The best that can be said about it is that it keeps the show on the road until Paris next year.
I will, therefore, argue that COP21 to be held in Paris, France in December 2015, where a new agreement is expected to be negotiated (having failed to do so once before in Copenhagen) will indeed be the last-chance-saloon for the UN Framework Convention on Climate Change (UNFCCC).
Reality has moved on
Twenty years ago, when the UNFCCC was agreed, in climate change terms, is an era in which much has changed.
Countries are now engaged in tackling the real adverse impacts of climate change.
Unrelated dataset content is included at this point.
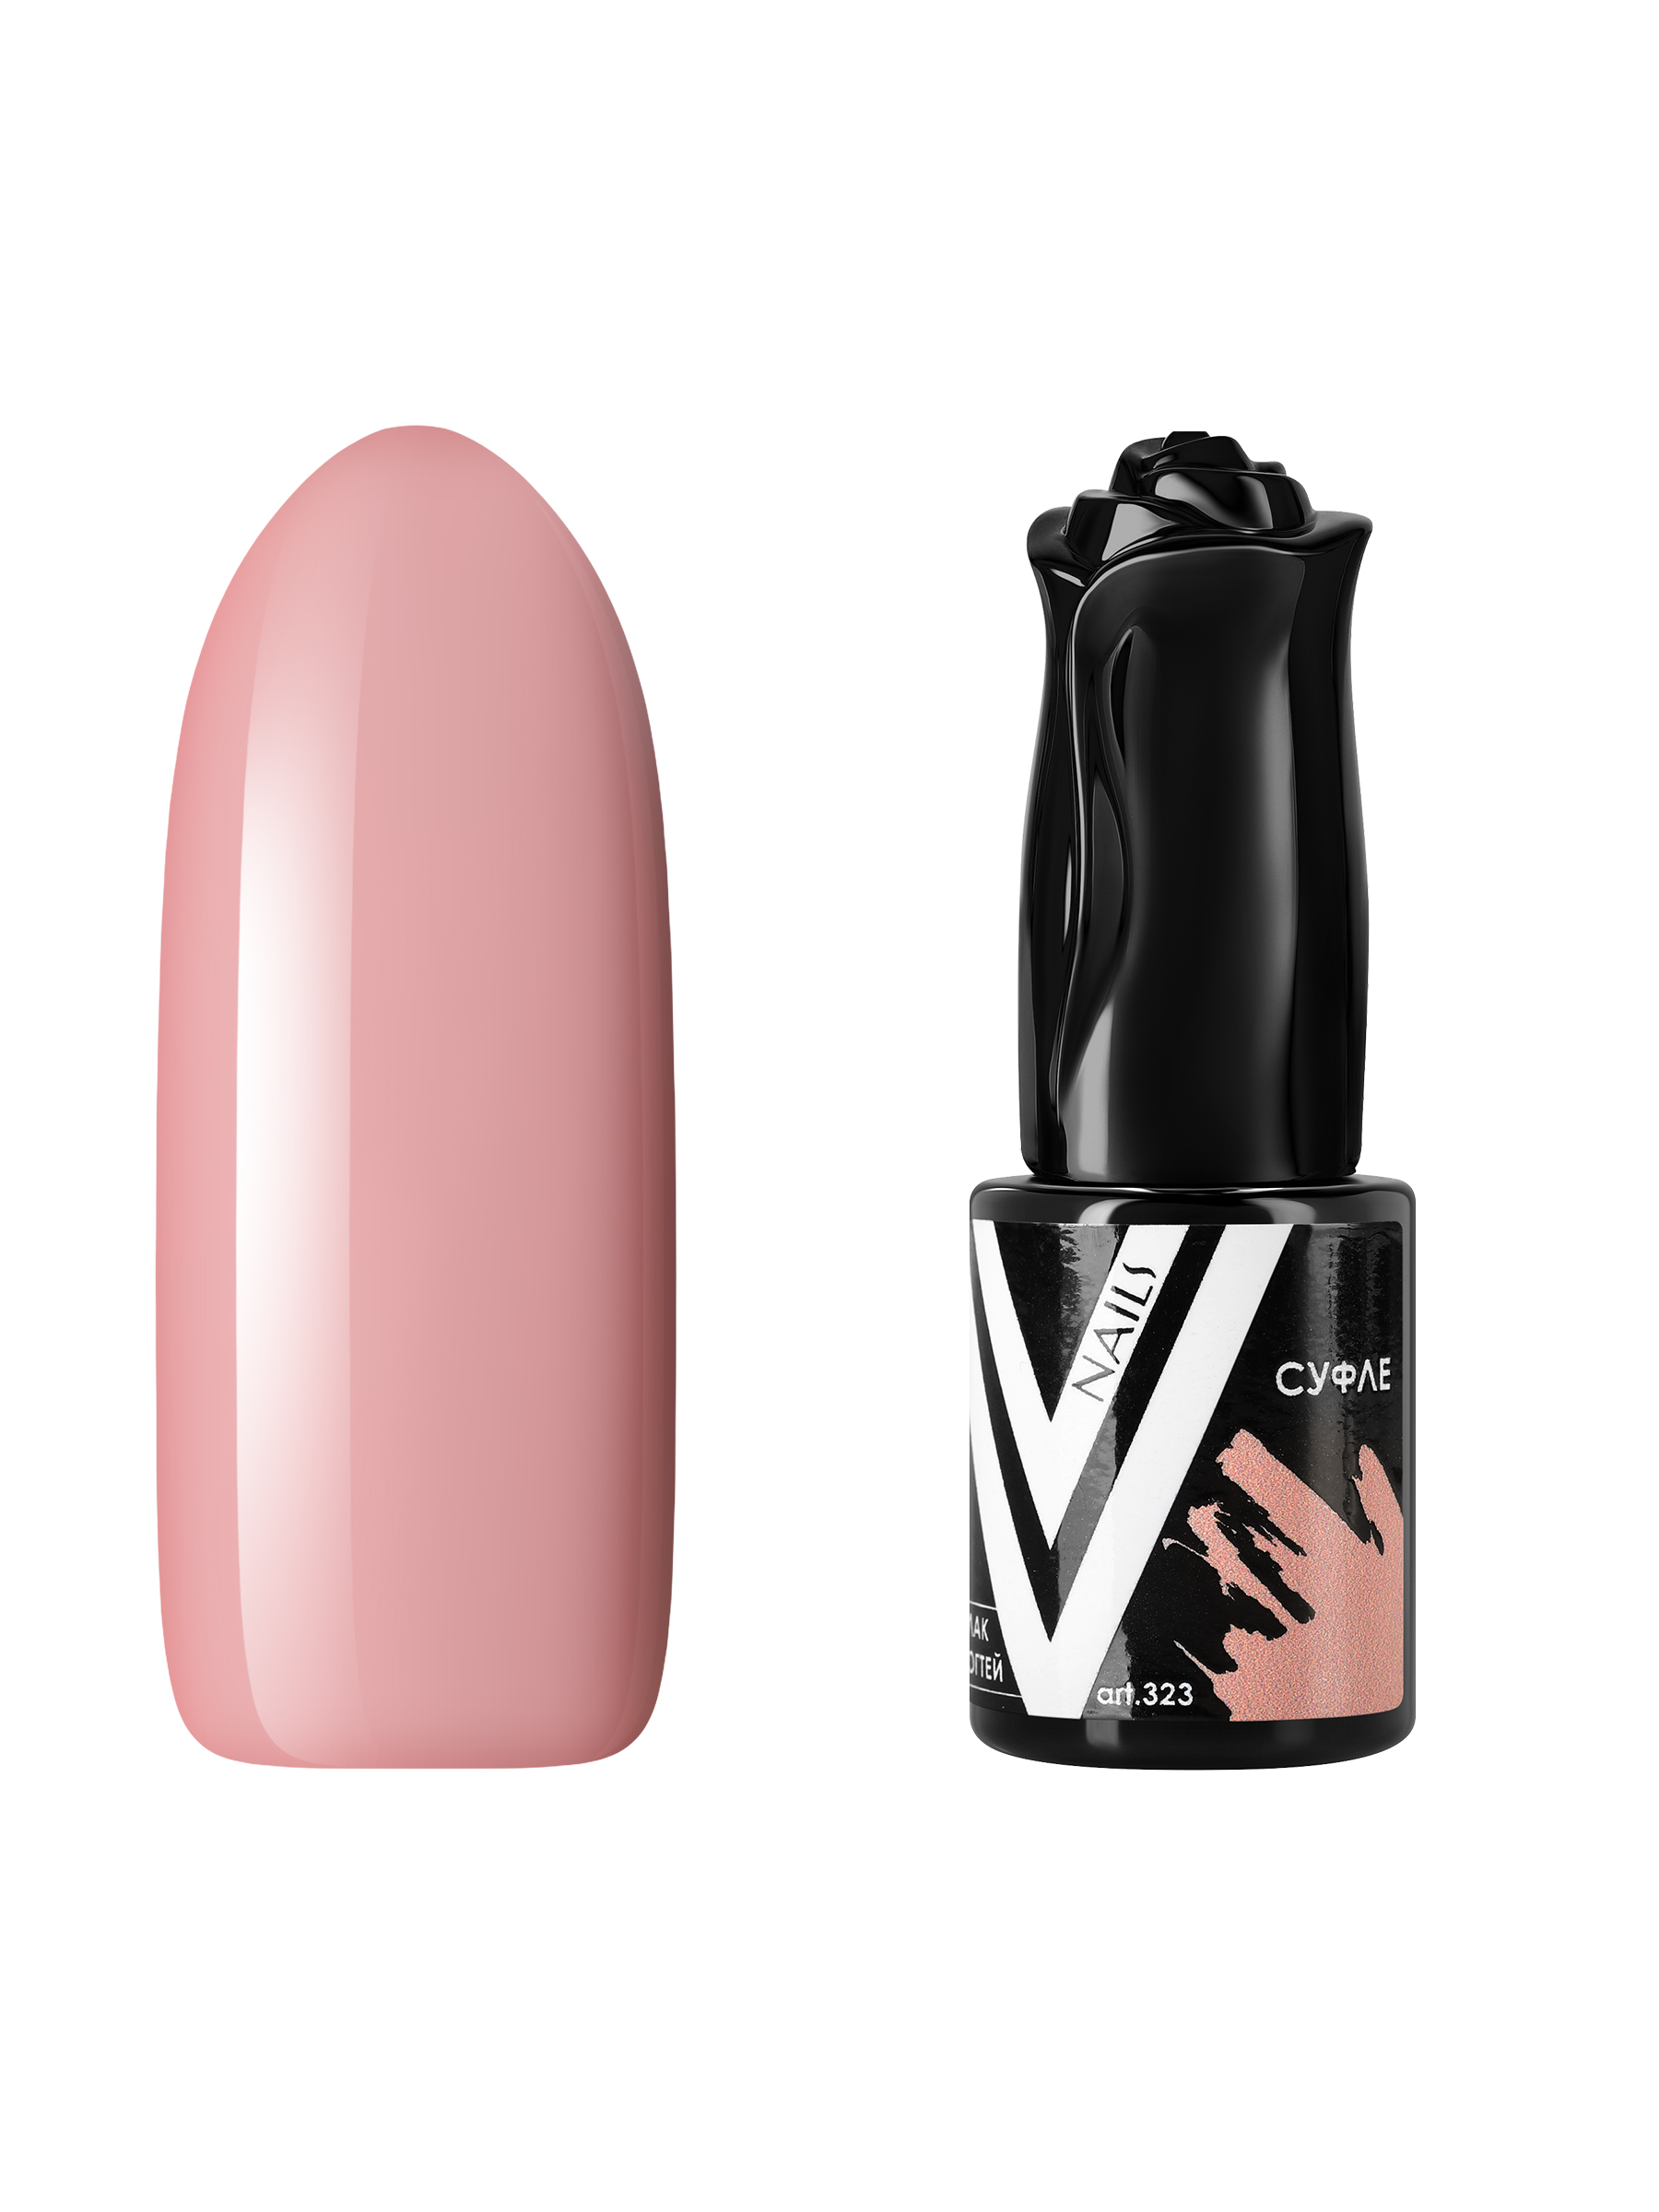 Гель-лак для ногтей Vogue Nails плотный, самовыравнивающийся, светлый, бежевый, 10 мл корзина для хранения плетёная ручной работы доляна совы 46×36×22 см бежевый

Bangladesh, whose emissions of GHGs is miniscule, boasts one of the world’s fastest growing programs of installing solar home systems.
Driven through public private partnerships, it has sold more than 3 million systems in just a few years.
There are many more similar stories around the world.
The good news is that as countries make such investments in cleaner energy, they find it is indeed a good thing for their own development as well as being good for reducing emissions of GHGs.
There is also a movement, albeit still quite small, but growing fast, of disinvestment from fossil fuel companies that is quite independent of the UNFCCC process and involves institutional investors and is based on the riskiness attached to investments in fossil fuel companies.
The purpose of agreement
The very purpose of having a global treaty like the UNFCCC to tackle a global problem such as climate change is for all countries to agree collectively to taking actions and hold each other to account in a some legal form.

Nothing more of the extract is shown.